Which among the following molecules is (a) involved in $$sp^3d$$ hybridization, (b) has different bond lengths and (c) has lone pair of electrons on the central atom ?

We have to identify the molecule that simultaneously satisfies three conditions:
(a) central atom undergoes $$sp^3d$$ hybridization,
(b) the molecule possesses more than one type of bond length, and
(c) the central atom contains at least one lone pair of electrons.

• Central atom $$P$$: valence electrons = $$5$$, all used for $$5$$ $$P-F$$ bonds.
• Hybridization: $$sp^3d$$ (trigonal-bipyramidal).
• Lone pairs on $$P$$: $$0$$, so condition (c) is not met.
Hence $$PF_5$$ is rejected.

• Central atom $$Xe$$: valence electrons = $$8$$, uses $$4$$ for bonds and retains $$2$$ lone pairs.
• Hybridization: $$sp^3d^2$$ (octahedral arrangement, square-planar shape).
• Geometry is symmetric; all $$Xe-F$$ bonds are equivalent in length.
Condition (a) fails (hybridization not $$sp^3d$$), so $$XeF_4$$ is rejected.

• Central atom $$S$$: valence electrons = $$6$$.
  - $$4$$ electrons form $$4$$ $$S-F$$ sigma bonds.
  - $$2$$ electrons remain as one lone pair.
• Steric number $$= 5$$ ⇒ hybridization $$sp^3d$$ leading to a trigonal-bipyramidal electron geometry.
• Molecular shape: seesaw (because one equatorial position is occupied by the lone pair).
• In a trigonal-bipyramidal framework, axial bonds (aligned vertically) are longer than equatorial bonds (lying in the trigonal plane) due to greater repulsion along the axial-equatorial angle $$90^{\circ}$$.
Therefore $$SF_4$$ possesses two distinct $$S-F$$ bond lengths.
Conditions (a), (b) and (c) are all satisfied.

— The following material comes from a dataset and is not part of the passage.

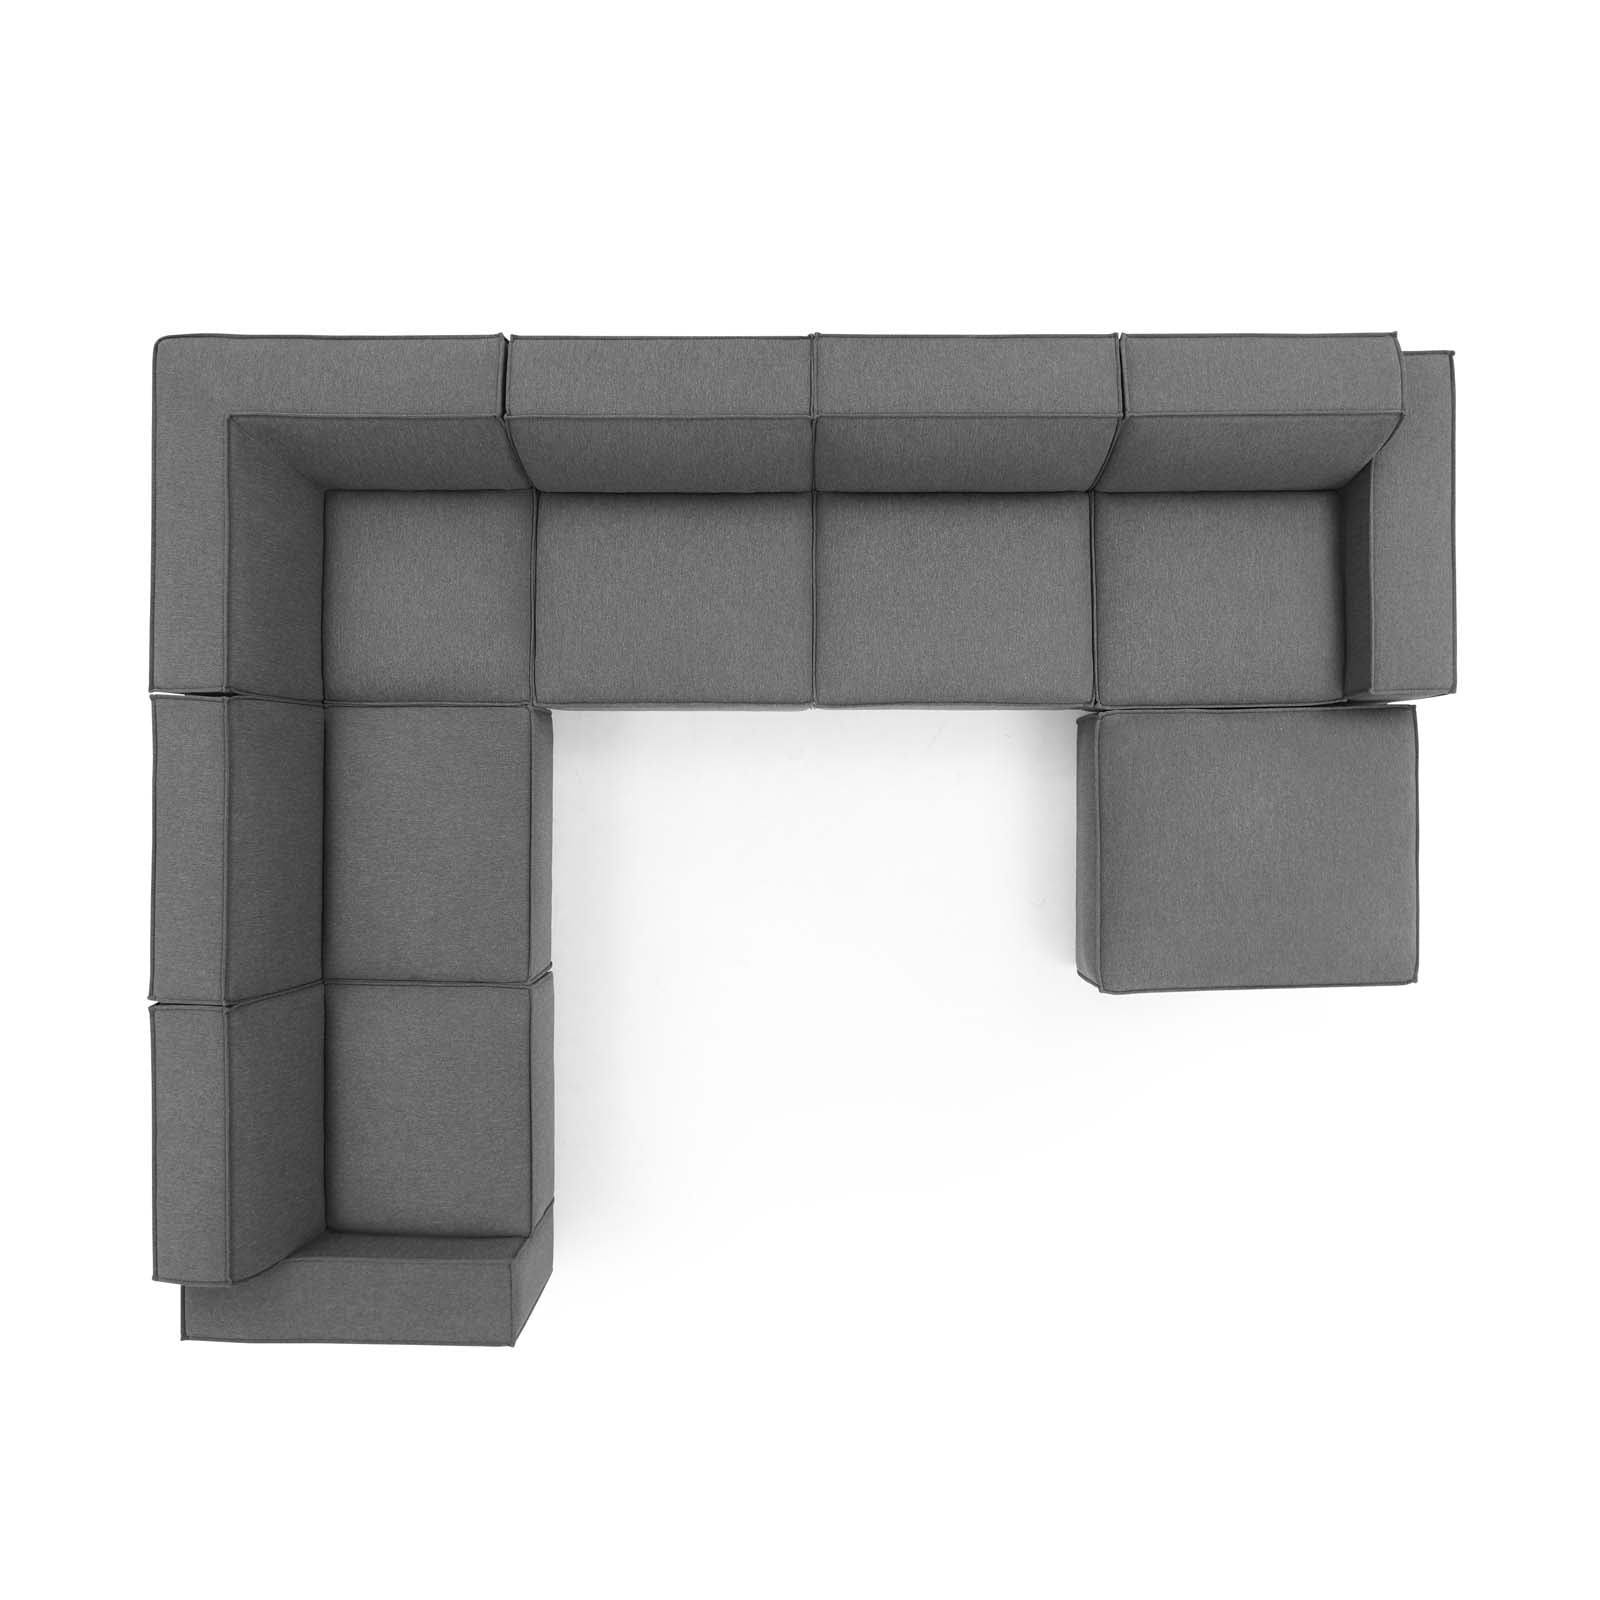 Restore 7-Piece Sectional Sofa

• Central atom $$Xe$$: valence electrons = $$8$$.
  - $$2$$ electrons pairs form $$2$$ $$Xe-F$$ bonds.
  - $$3$$ lone pairs remain.
• Steric number $$= 5$$ ⇒ hybridization $$sp^3d$$.
• All three lone pairs occupy equatorial positions, giving a linear molecule F-Xe-F.
• Both $$Xe-F$$ bonds occupy identical axial positions; thus the two bond lengths are equal.
Condition (b) fails, so $$XeF_2$$ is rejected.

Only $$SF_4$$ fulfils all three requirements.

Hence the correct option is Option C.